Because in many situations, negative indexes make little to no sense. There are many functions in widely-used modules (such as `Data.List`, `Data.Bits` or `Data.Vector`)
that take an `Int` as argument but say 'it should never be negative'. In some situations, passing a negative int performs results in a runtime error. (Often a stringly-typed `error` exception)
In others, behaviour is alltogether ill-defined or even undefined when negative numbers are passed.

These runtime checks, if any, are delayed until the point where the `Int` is being used.
That makes it difficult to figure out how the invalid value came to be.

With `Size`, on the other hand, the checks happen on conversion and during arithmetic, making negativity checks when calling an indexing function superfluous.
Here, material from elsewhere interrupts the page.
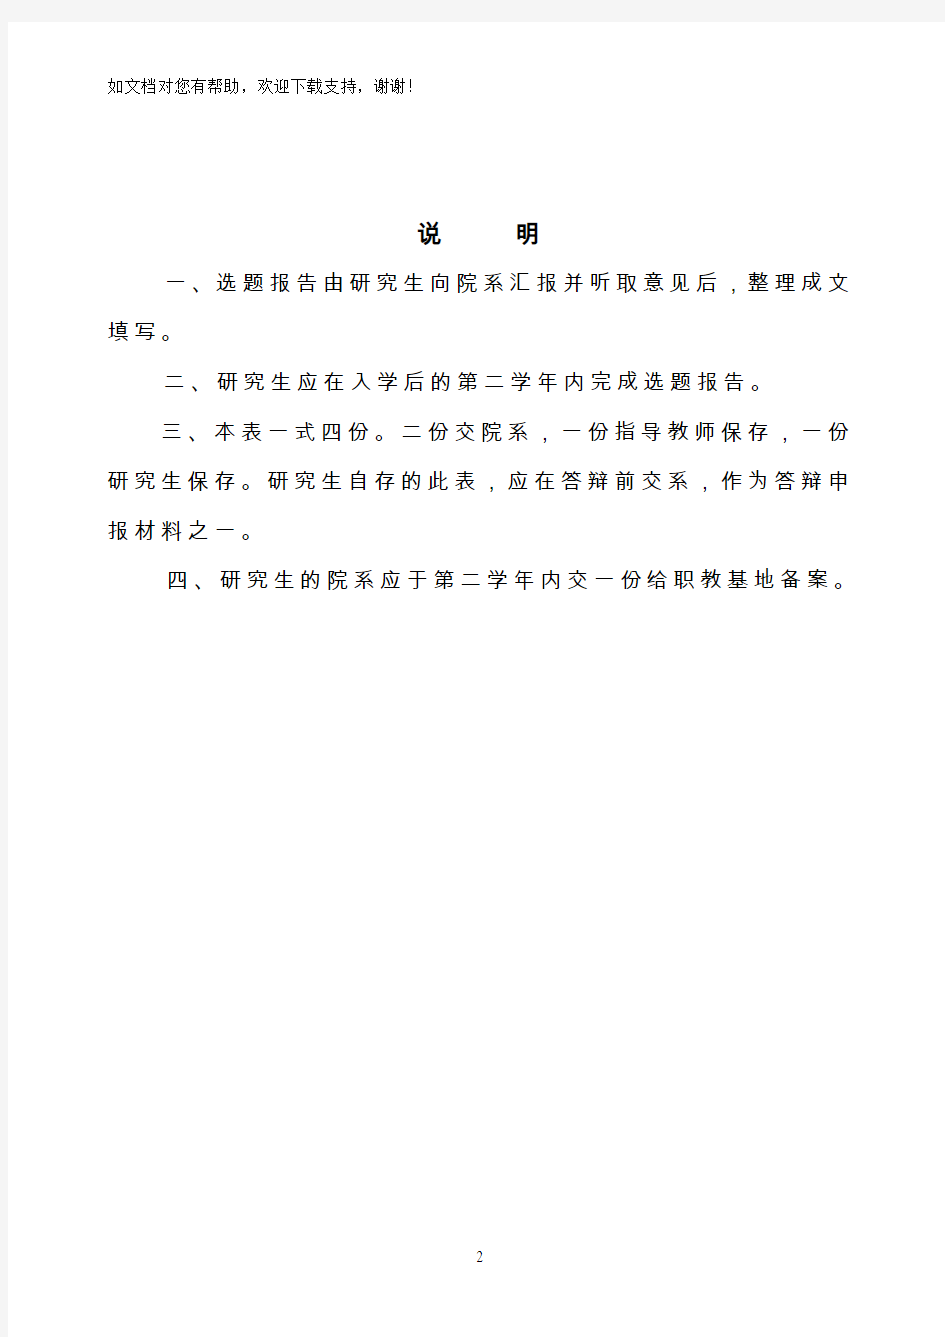 重庆师范大学在职硕士开题报告表

#### But what if I _do_ want negative indexes?

These cases are rare. Therefore it is better to be explicit about them when they arise.
For instance, compute on `Int`, then convert to a `Size` in a way that makes the most sense in your domain, and then index using the safe `Size`-based API.
Depending on your domain, this conversion `Int` -> `Size` might vary greatly:
- You might want to return a Maybe and be Nothing if the index is still negative (or similar with Either)
- You might want to throw a domain-specific exception
- You might want to index from the right, and do modulo-based indexing

There is no 'one size fits all' conversion here (pun not intended), so being explicit is better.

### Why use `Size` instead of `Word`?

Most builtin indexing functions, as well as those that can be found in libraries other than `base`, unfortunately use `Int` for indexing.
If you were to use `Word` to track an index and at the very last moment converted this value back to an `Int` using `fromIntegral`,
you would end up again with a negative number.

This is because the domain of `Word` is twice as large as those of `Int`, `Int` happens to be 2's complement,
and the conversion between the two keeps 'representation' rather than 'sign'.

Therefore, it already is a problem if you go above `maxBound :: Int` (2^31-1 resp. 2^63-1). And thus, a type separate from `Word` is needed.

On top of this, `Word` also does wrapping arithmetic, so any time you accidentally end up 'below zero' you will suddenly hold a very large number.

`Size` on the other hand can always be safely converted back to the nonnegative range of `Int`, and will never be too larger or negative because of its checked arithmetic.

### But some knowledgeable C/C++ people said that unsigned integral types where a mistake?

Correct. In those languages, implicit conversions between (number) types can happen almost anywhere, tacitly.
Most of those conversions also keep 'representation' rather than 'sign' (as well as truncating any bits that do not fit).
That makes any type in which data is more restricted more dangerous to use.

But Haskell is not C/C++. In Haskell, conversions have to be done explicitly.

Furthermore, in Haskell we have a strong value to 'make invalid states unrepresentable'.
That should also be the case for our numeric types.